Introduction to data visualization in Python

Authors: Enze Chen (University of California, Berkeley)

Note

This is an interactive exercise, so you will want to click the and open the notebook in DataHub (or Colab for non-UCB students).

This notebook contains a series of exercises that introduces data visualization using the Matplotlib package to create plots in Python. Why do we care about compelling visualizations? Here are some reasons we can come up with:

  • Important for scientific communication

  • Important for data literacy

  • Reveals more than summary statistics

  • Uncovers underlying structure

We invite you to think of more! 💡

Contents

  1. Intro

  2. Style

Intro to Matplotlib

Back to top

In Python, there are many packages for data visualization, but the base package that many of them are based off of is Matplotlib.

To use the Pyplot module within the Matplotlib package, we write the following import statement and alias to follow the community standard. Be sure to run the cell with Shift+Enter!

import matplotlib.pyplot as plt   # standard alias

Create Figure and Axes objects

Step 1: There are many ways to create figures using Pyplot, but the best practice is to create Figure and Axes objects using the plt.subplots() function like so:

fig, ax = plt.subplots()

The Figure object (fig variable) is the top-level container for all plot elements while the Axes (ax variable) is the object for a particular plot. plt.subplots() creates both of these objects, which we then assign to the variables on the left. Note it’s possible to have multiple Axes on the same Figure, which helps motivate the need for both objects.

Step 2: To make a plot, we can call a method like ax.plot(x, y) directly using the Axes objectnot fig or plt. This standard method plots \(y\) vs. \(x\) points and, by default, connects the points with lines in the order that they’re plotted. Note the syntax for ax.plot() is a list (or array) of \(x\)-coordinates and then a list of \(y\)-coordinates, not a list of \((x,y)\) pairs.

Step 3: Finally, and perhaps unintuitively, we have to call plt.show() to actually display the plot. Just for good measure.


Let’s put this into practice!

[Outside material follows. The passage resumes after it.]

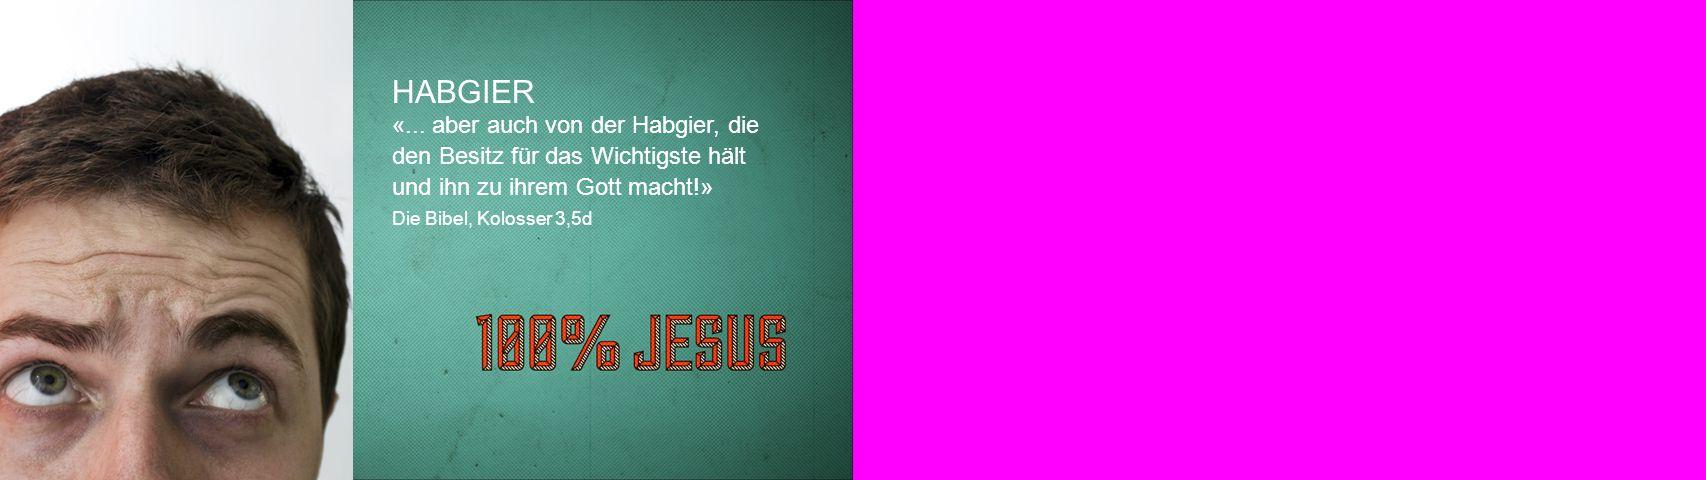 HABGIER «... aber auch von der Habgier, die den Besitz für das Wichtigste hält und ihn zu ihrem Gott macht!»

Here’s a few lines of code to plot \(y = x ^ 2\) for the first five positive integers.

import numpy as np    # standard alias for NumPy as previously discussed
fig, ax = plt.subplots()
arr = np.array([1, 2, 3, 4, 5])
ax.plot(arr, arr**2)
plt.show()
../_images/intro_plotting_blank_5_0.png

Neat!

We will now show you something slightly cooler by reading in some data using NumPy and plotting the columns of the NumPy array. This utilizes the np.loadtxt() function and array slicing. You’ll be doing something similar with your lab data.

sin = np.loadtxt('sine.txt', delimiter=',')   # we created this file for you
fig, ax = plt.subplots()
ax.plot(sin[:, 0], sin[:, 1])   # first column has x values, second column has y values
plt.show()
../_images/intro_plotting_blank_7_0.png

Exercise: Write some code to plot the cosine function

The data are already stored in cosine.txt, which is analogous in structure to sine.txt in the above example. First plot it by itself; then, can you plot sine and cosine on the same plot? For multiple curves on the same Axes, just call ax.plot() multiple times after creating the axes.

# -------------   WRITE YOUR CODE IN THE SPACE BELOW   ---------- #

Saving your plots

To save the figures that you’ve created so you can download them and add them to your lab writeup, we can use the Figure.savefig() method. This function has a lot of input arguments, so we’ll point out just a few:

  • fname (str): The name of the file. We suggest adding the file extension explicitly, like my_picture.png.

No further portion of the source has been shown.